Bibliomania cripples my social life. In order to have a dinner party, I must clear all the so-far-unsorted books off the dining-room table. Either that, or invite half the originally planned number of people and just push the books temporarily down to one end of it. In the spring, my wife and I host the Vanity Fair party that follows the White House Correspondents’ Dinner, and this means that I can get professional help with rearranging the furniture and the books. This past year, the magazine’s omnicompetent social organizer, Sara Marks, gave me some ingenious vertical shelf units, allowing me to stack books on their sides. Alas, there wasn’t time before the festivities to sort these useful display units by author or subject, so I’ve only been able to alter the shape of my problem, not solve it.

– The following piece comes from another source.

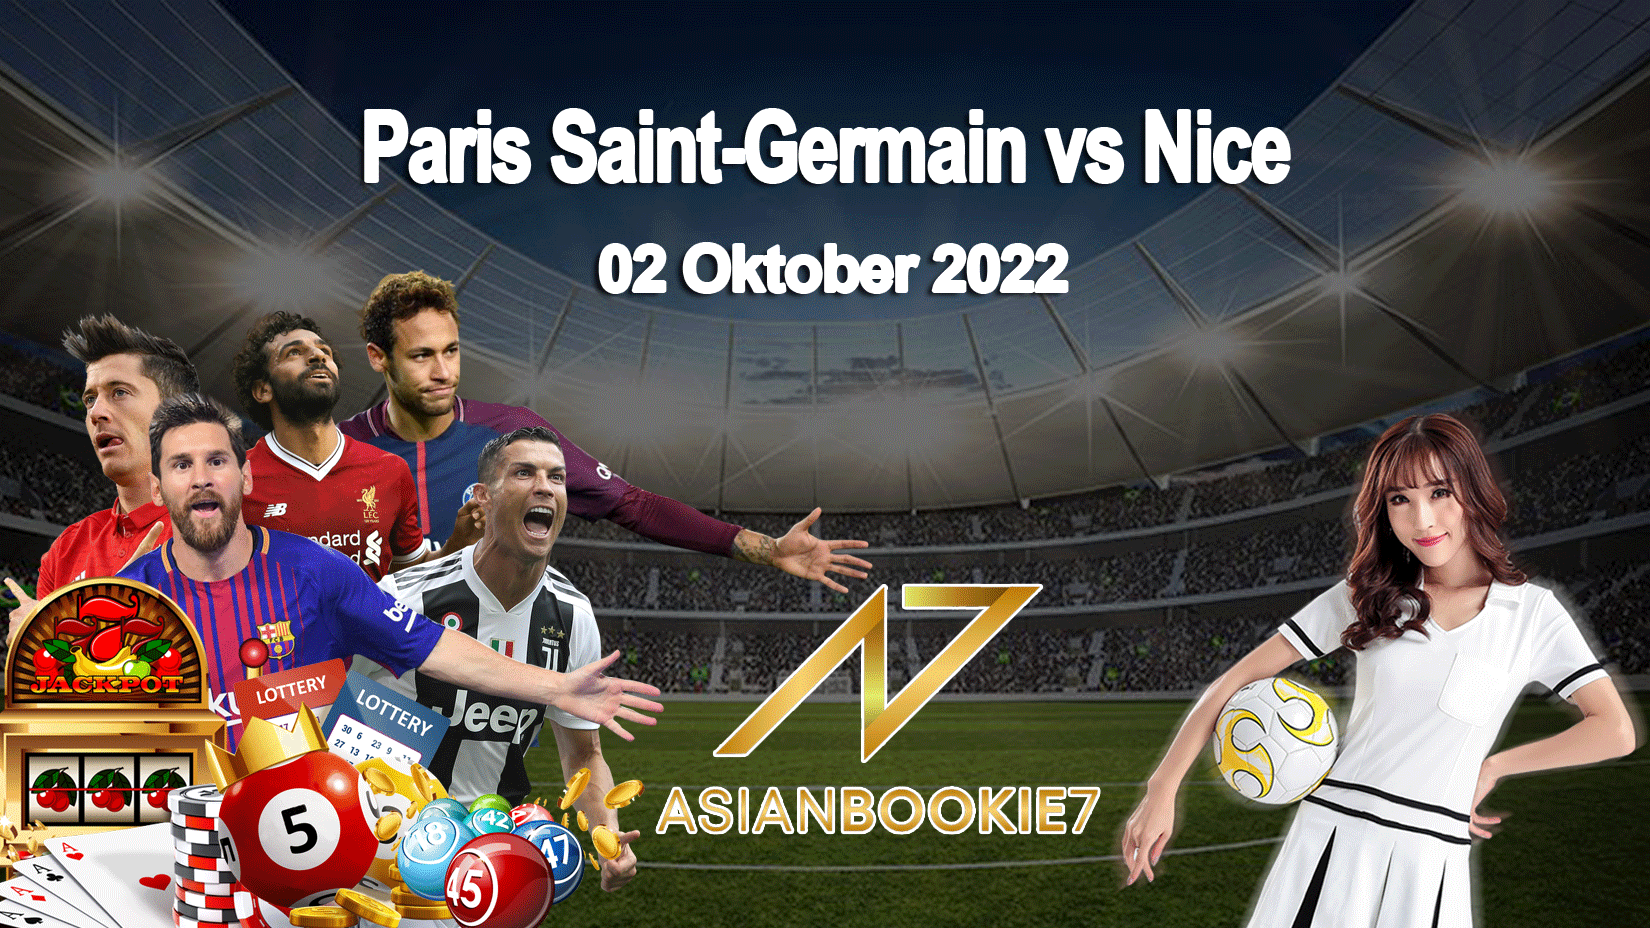 Prediksi Paris Saint-Germain vs Nice 02 Oktober 2022

The units also make it easier to read the titles on the spines and thus to suffer reproach for their randomness. And let’s say I did decide to organize these books: Should I start with A for Kingsley Amis? But wait, here’s a nonfiction work by Amis, on language. Shouldn’t it go on the reference shelf with the lexicons and dictionaries? And what about the new biography, and the correspondence between Kingsley and Philip Larkin?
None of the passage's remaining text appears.